[SATLUG] OT-Time Warner Download Cap
bruce.dubbs at gmail.com
Fri Jun 6 11:51:22 CDT 2008
Mark Spieth wrote:
> "Bruce, you are "Right On!". This is a "Red Herring" like oil
> demandexceeds supply or Iraqi WMD's."
> I would be happy to debate the point of this being, as you put it, a
> "Red Herring" as the subject of this thread is partially related to part
> of my Doctoral Thesis in Cultural Anthropology in regards to how
> Internet usage effects and changes the cultures where internet is widely
> available and the ramifications of such a change in society. So, since
> you feel this is a "Red Herring" would you care to elaborate on your
> Since they pay way more per Mb for
> bandwidth than they could ever sell it for, they hope that the average
> user will not use most of their available bandwidth.
I think you need to document this assertion. The cost for a network consists of
connections (generally copper or fiber, but could include cell or wifi) and the
termination equipment. Operating costs include electricity, supoprt,
These costs are generally shared with phone and TV service so the costs are
leveraged with different income streams.
Also, by far, the largest cost is the installation of the "last mile" of "wire".
That has a very low maintenance cost. Once that is in and paid for, any
additional revenue is profit. The cost of termination equipment is really
pretty low. Probably less than $100 per connection.
> So let’s look at the realities here.. Today you can purchase a 7mb link
> from Time Warner for $46.95 per month. That equals $6.70 per month per Mb.
> Now let’s look at the other side, about the cheapest you can get a DS3
> (45Mbs) for is around $8000.00 per month which equates to $177.78 per
> month per Mb, or you can get a T1 for $600.00 per month which equals out
> to be $400.00 per month per Mb.
That's what they charge, not what it costs them.
>> “There are 10 other countries that beat the US cost per megabit… On top
>> of that, the US is 14th in speed.”
> While this may be true, this is a prime example of one using a statistic
> to prove ones point, without looking at all the other factors involved.
> Yes your right per mb they are cheaper, and statistically they do have
> faster speeds” Having been to the UK many times, I can tell you why this
> is. First off, the UK like many other European countries is small, the
> demands of putting in the infrastructure is significantly less than it
> is here in the United States. In fact Great Britain as a whole is 1/3
> the size of Texas, let alone the rest of the country.
And their population is generally proportional too. We are not talking about
electrifying rural communities here. The areas we are discussing have generally
similar population densities. Your personal situation may be different.
I live in the sticks too... 18 miles from AT&T World Headquarters. I can only
get 1.2 Mbps download from AT&T.
> That’s like saying
> my office has a gigabyte network in it, so why doesn’t my entire city?

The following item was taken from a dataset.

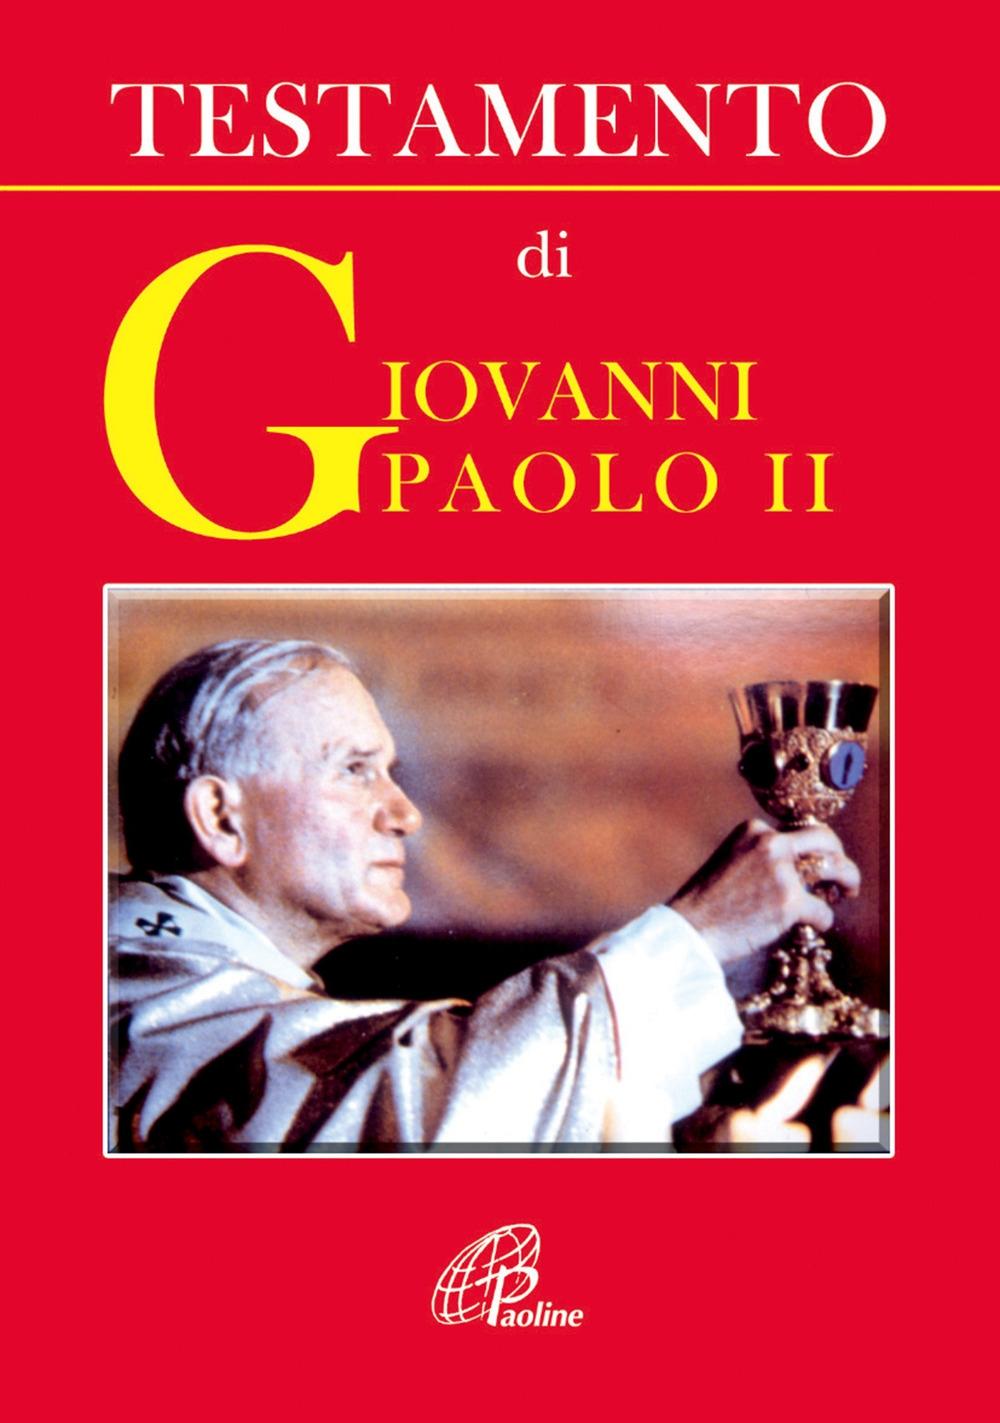 Testamento di Giovanni Paolo II

> There is a big difference in cost in putting in high speed networks
> across 93,000 square miles than there is putting it in 3,537,000 square
But they can start. Right now, it's really not available anywhere in the US. I
heard about Comcast offering 50Mbps in Minneapolis-St. Paul for $150.
That's about $3/megabit and half the cost of must US costs.
I don't think that they will be losing money on that over the long term.
You also have to take into account that the big phone companies have been given
tax breaks to bring Internet to the country, but they haven't done that.
Let me give you another cost/price point. I once tried to get a static IP
address. The bottom line is that the price to me was about $40/month to do
that. I checked the costs and 8K IP address blocks from IANA cost about 16
*cents* ber *year* per IP address. That means if I got a block of 8, (network,
broadcast, router, 5 usable), it would cost them $1.28 per year and they charge
me $480.00. A 37500% markup is a great way to make money. On top of that,
after the fixed costs of setup, their maintenance cost for that is virtually zero.